By Ruilong Li | July 30, 2015

While the name may conjure up images of moats and drawbridges, a FORTIFIED Home is actually a new or existing house strengthened against specific natural hazards. FORTIFIED Home is a national program designed by the Insurance Institute for Business & Home Safety (IBHS) to improve the resilience of buildings and reduce insurance losses.

The program uses third-party verification to ensure the implementation of construction standards (which are often stronger than most state building codes) for new single-family detached homes, and equivalent retrofit standards for existing properties. The goal is to increase the home's resilience to a specific regional natural hazard (hurricane, tropical storm, hailstorm, and high winds and wind-driven rain associated with thunderstorms).

The program takes a holistic approach by addressing the systems that fail at the lowest intensity level of each natural hazard. Homes can be certified as bronze, silver, or gold, with each designation offering additional disaster protections than the one below. The bronze level focuses on roof construction, silver on window and door openings, and gold on creating a continuous load path tying the roof to the walls and the walls to the foundation.

For an existing home, the process begins with an inspection to identify the areas in need of strengthening to achieve each designation level. The contractor or owner determines which level they want to achieve. Another inspection is performed after work has been completed and the designation, once awarded, lasts for five calendar years. At the end of that period, re-inspection is required to maintain the home's designation level.

The benefits of the program include increased safety, as well as reduced financial risk, lower repair costs, and less disruption for the owners after an event. FORTIFIED programs are recognized and supported by public and private property insurers around the country and FORTIFIED Homes may be eligible for other economic benefits, including reduced property insurance premiums.
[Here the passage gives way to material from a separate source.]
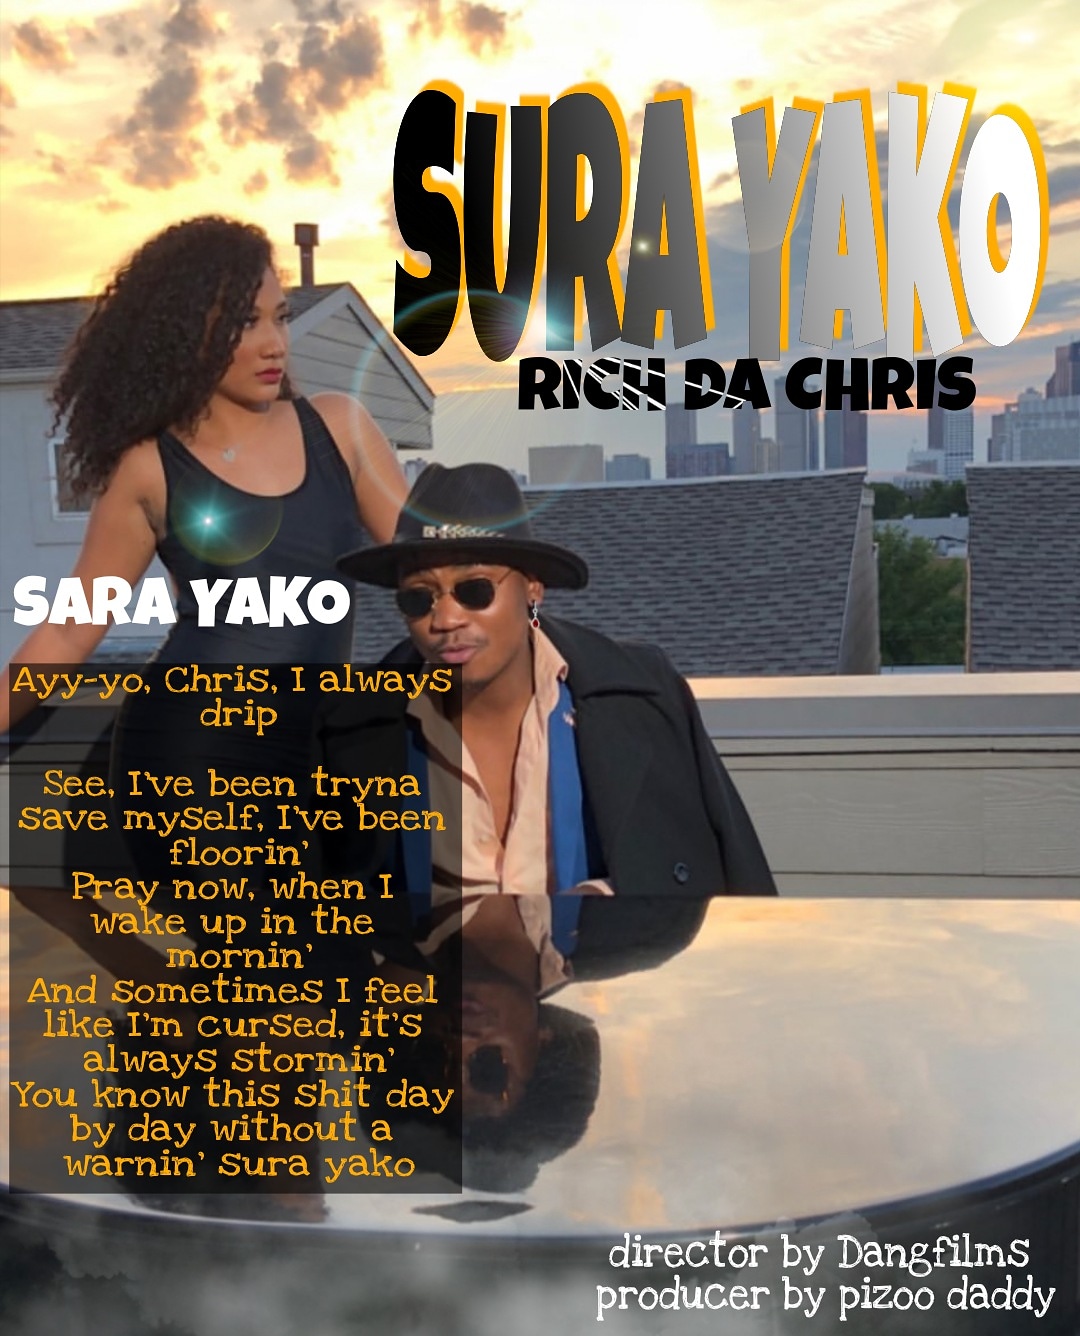 Sura yako by Rich Da Chris | Album

The IBHS also offers FORTIFIED for Safer Living®, a multi-hazard program specifying construction, design, and landscaping standards to increase a new single family home's resilience and deliver superior performance during all natural hazards threatening its location. Natural catastrophes addressed include water damage, extreme winds,
wind-driven rain, hail, earthquakes, floods, wildfires, and severe winter weather.

These IBHS programs were chosen as the sole construction criteria for the U.S. Department of Homeland Security's pilot Resilience STAR initiative. Much as the Energy Star program assigns ratings to appliances, this program assigns rating stars to homes that meet specific resilience standards. Its goal is to encourage disaster-resilient communities in select areas at high risk for hurricanes. The pilot project was able to cover 12 homes, the first six of which-all on the Gulf Coast-were awarded their stars in October 2014. Five of those homes were new construction and the sixth was a retrofit; four of the homes achieved the gold level of the FORTIFIED Home program's hurricane standard.

Should a disaster strike, for every dollar invested in resilience beforehand, the National Institute of Building Sciences' Multi hazard Mitigation Council estimates that about four dollars will be saved afterwards in property destruction, damage, debris clean-up, and other costs. Making homes more resilient makes so much sense.

With the release of Touchstone® 3.0, the wind vulnerability component of the AIR Hurricane Model for the United States now accommodates homes that conform to the IBHS Fortified Home program,allowing more realistic assessment of risk to these resilient structures.